Work to be completed: Only the stretch of the listing below that runs from the line with "Additional photo for" through the line with "Prezident Brazilii Jair" is to be printed, exactly and with both ends.

Records provided:
####################

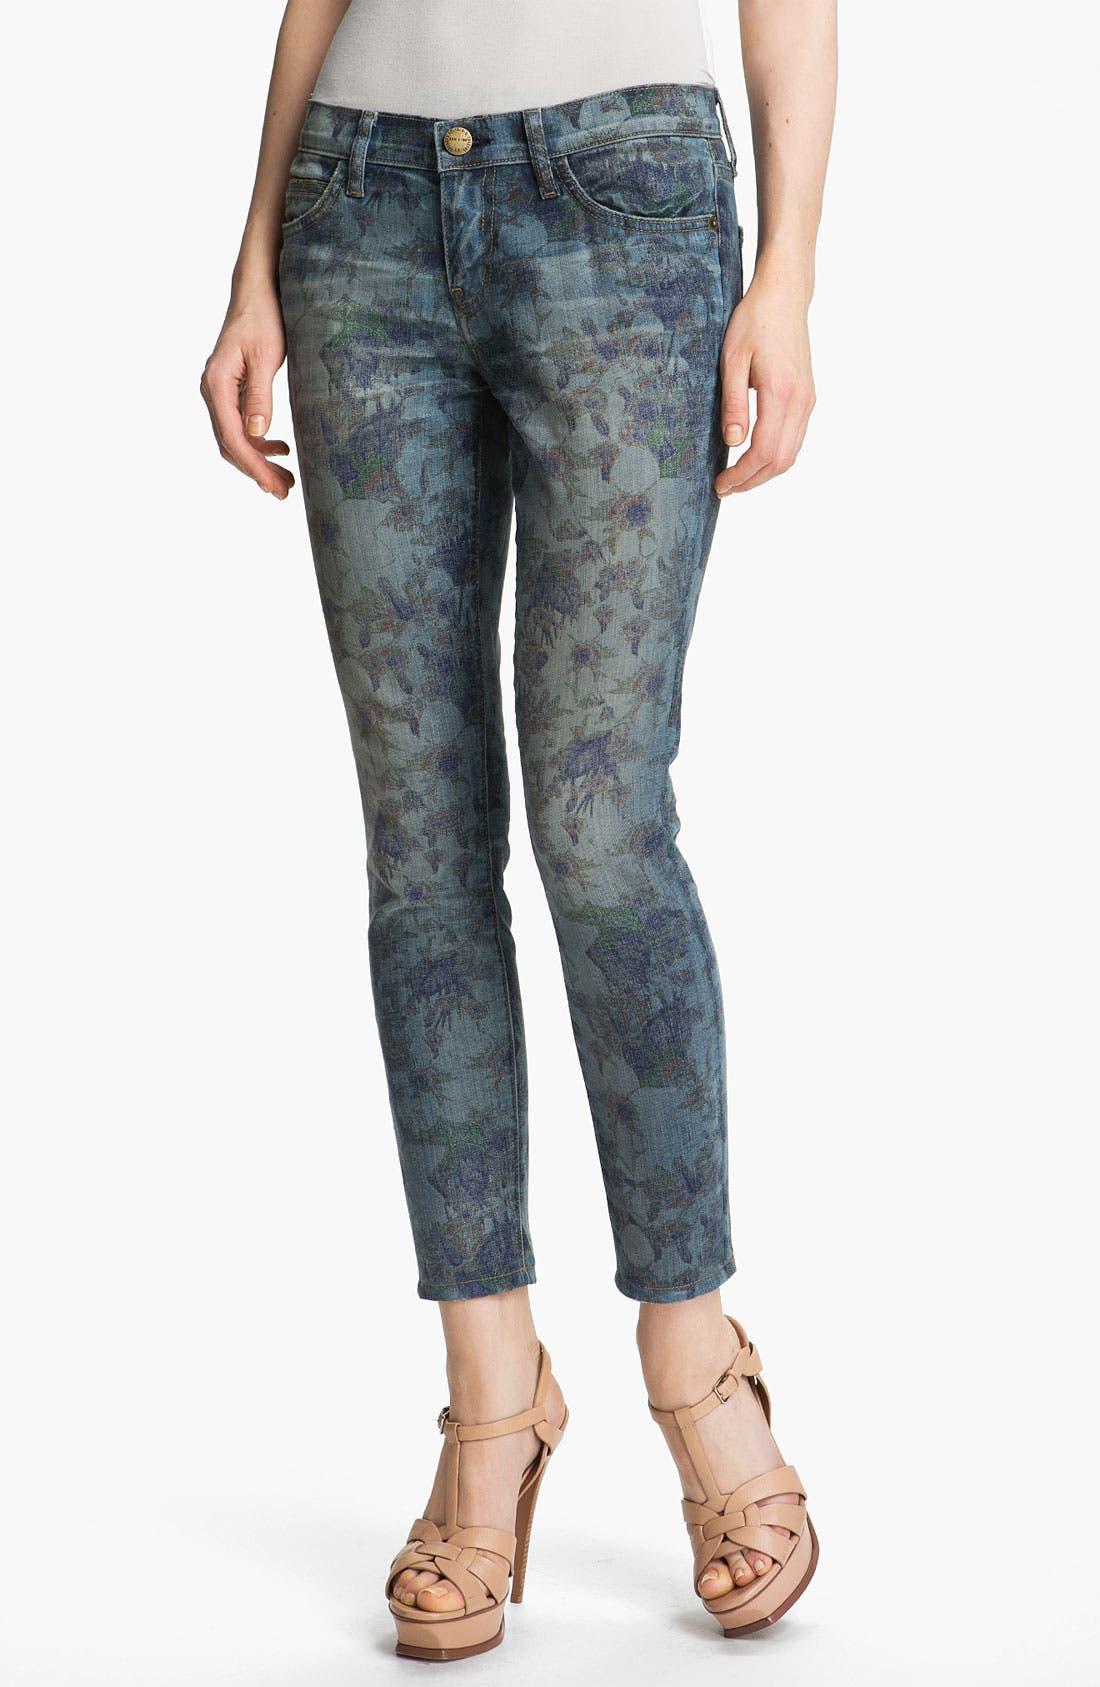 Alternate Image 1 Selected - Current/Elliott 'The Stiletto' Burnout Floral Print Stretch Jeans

####################

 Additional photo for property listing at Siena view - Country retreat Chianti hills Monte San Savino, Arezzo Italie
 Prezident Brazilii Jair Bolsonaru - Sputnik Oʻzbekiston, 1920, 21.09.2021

####################

Answer for this exercise:
 Additional photo for property listing at Siena view - Country retreat Chianti hills Monte San Savino, Arezzo Italie
 Prezident Brazilii Jair Bolsonaru - Sputnik Oʻzbekiston, 1920, 21.09.2021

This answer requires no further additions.